Its only abstract member is def iterator: Iterator[A]
.
LazyList
Is Preferred Over Stream
Stream
is deprecated in favor of LazyList
. As its name suggests,
a LazyList
is a linked list whose elements are lazily evaluated. An
important semantic difference with Stream
is that in LazyList
both
the head and the tail are lazy, whereas in Stream
only the tail is lazy.
Insertion And Removal Operations Are Not Available On Generic Collections
In the old 2.12 framework, the scala.collection.Map
type has a +
and a -
operations
to add and remove entries. The semantics of these operations is to return a new collection
with the added or removed entries, without changing the source collection.

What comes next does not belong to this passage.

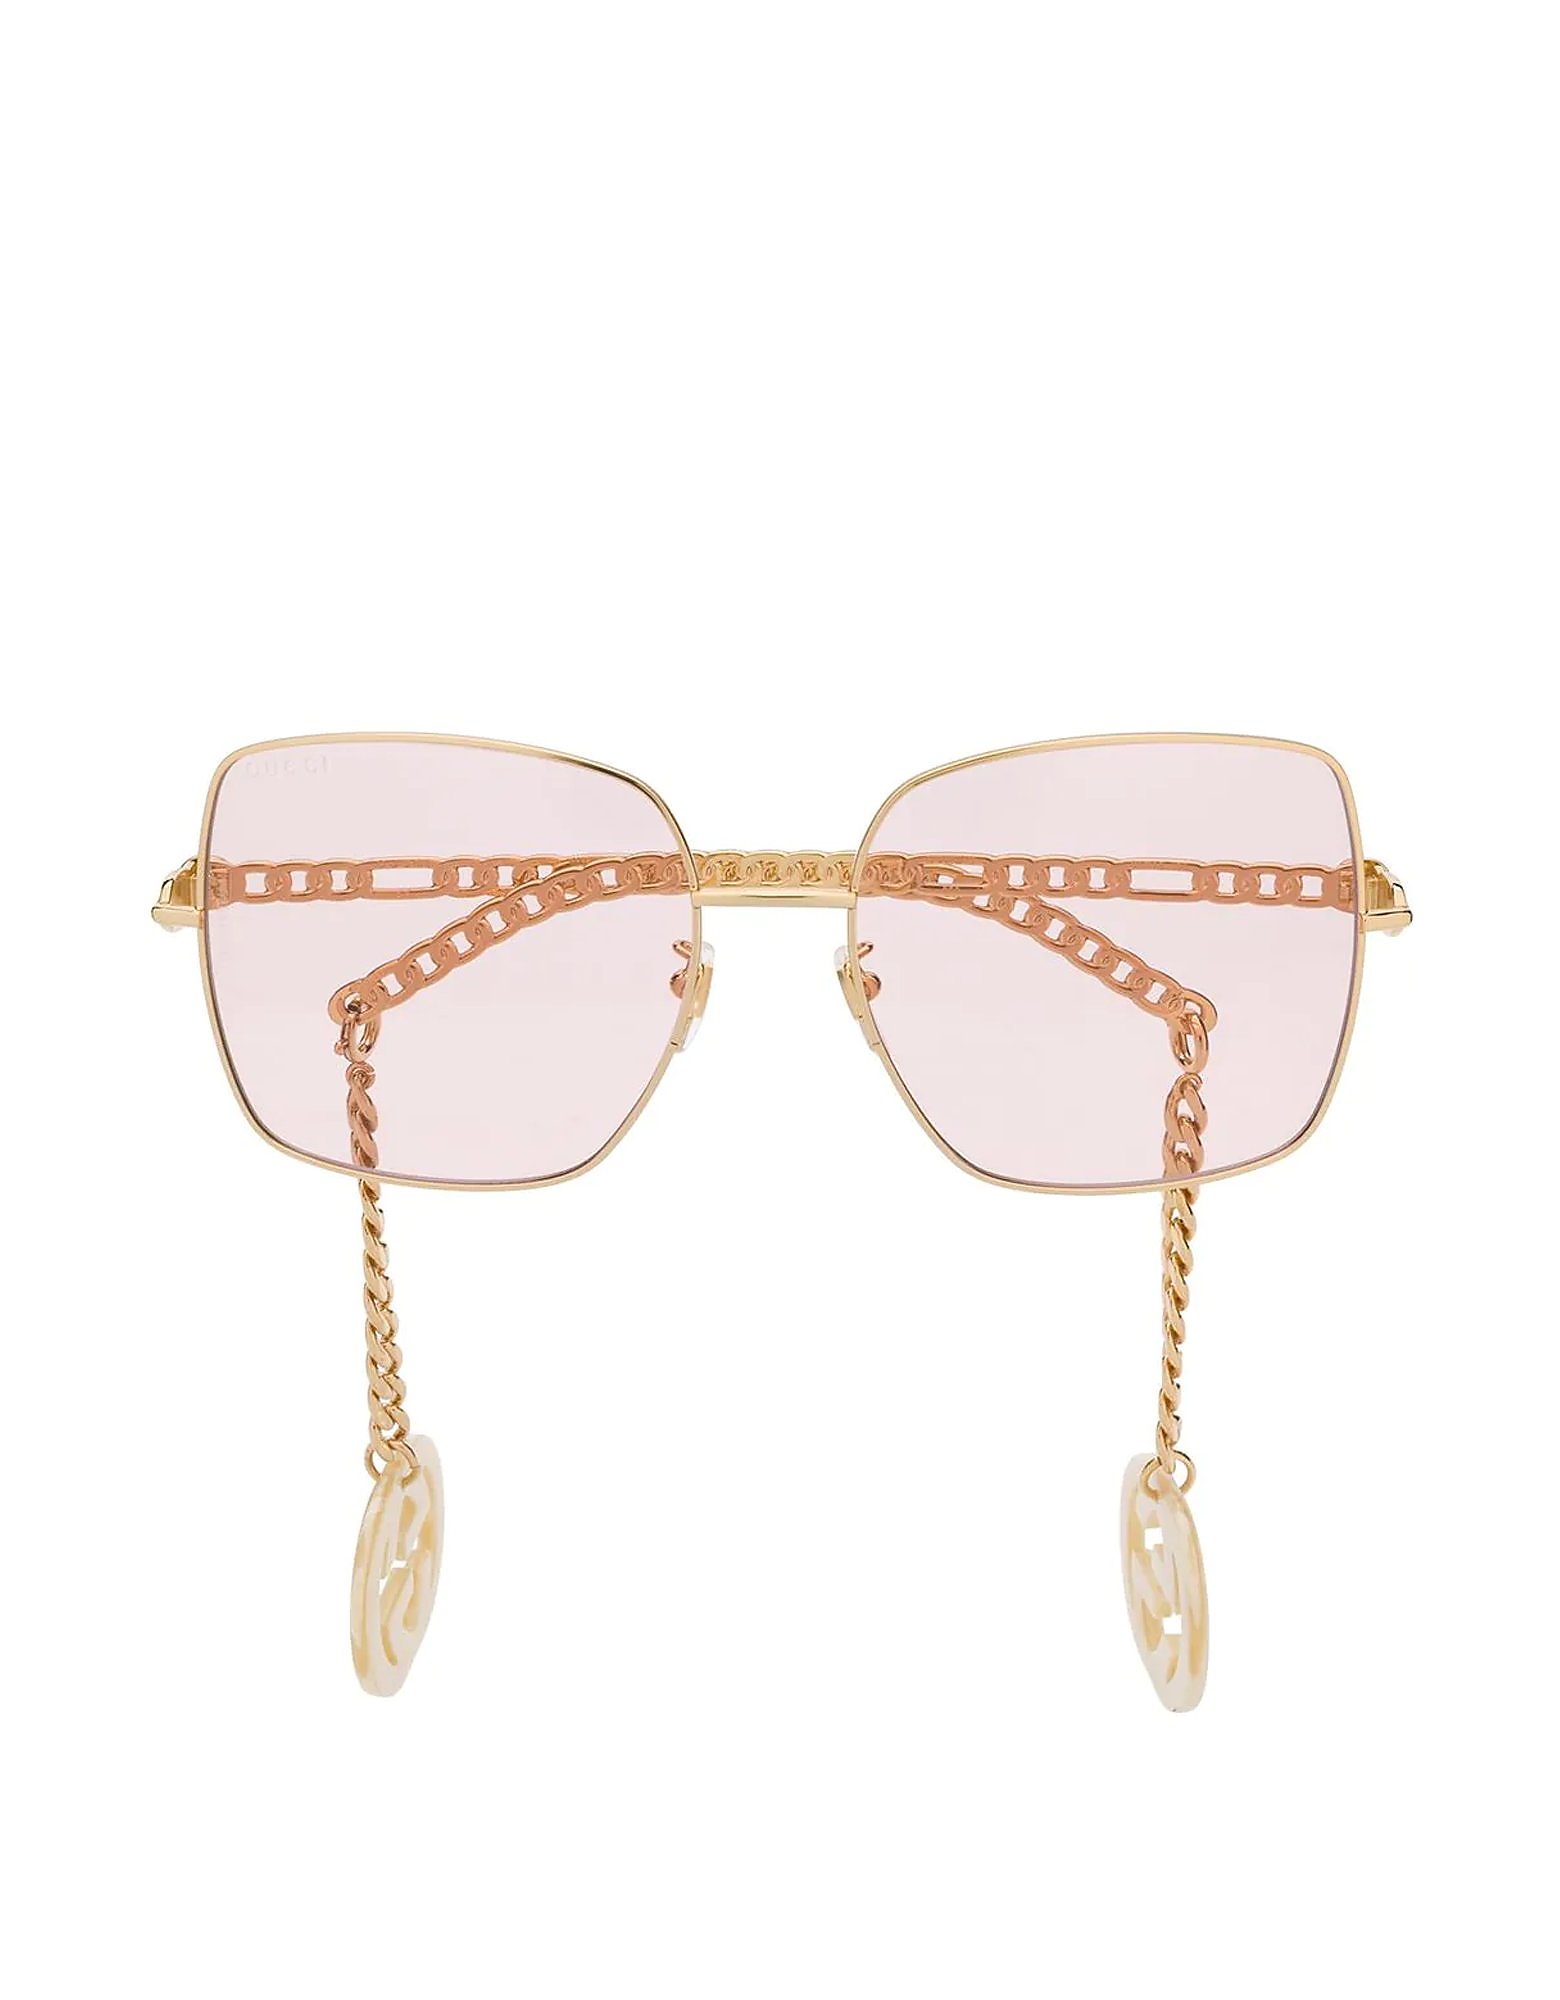 Top 100 Italian Designer Sunglasses - Italia Mia

These operations are then inherited by the mutable branch of the collections. But the mutable
collection types also introduce their own insertion and removal operations, namely +=
and -=
,
which modify the source collection in place. This means that the scala.collection.mutable.Map
type
has +
and +=
, as well as -
and -=
.
Having all these operations can be handy in some cases but can also introduce confusion. If you want
to use +
or -
, then you probably wanted to use an immutable collection type in the first place…
Consequently, +
, -
and updated
have been moved from scala.collection.Map
to scala.collection.immutable.Map
,
and +
and -
have been moved from scala.collection.Set
to scala.collection.immutable.Set
We think that by deprecating these insertion and removal operations from generic collection
types and by having distinct operations between the mutable
and immutable
branches we make
the situation clearer.
Summary
In summary, the changes for end-users are the following:
- non-strict collections (such as views) are safer to use and simpler implement,
- type signatures of transformation operations (such as
map
) are simpler (no implicitCanBuildFrom
parameter), - new cool operations have been added,
- the type hierarchy is simpler (no
Traversable
), - mutable collection types do not inherit immutable insertion and removal operations.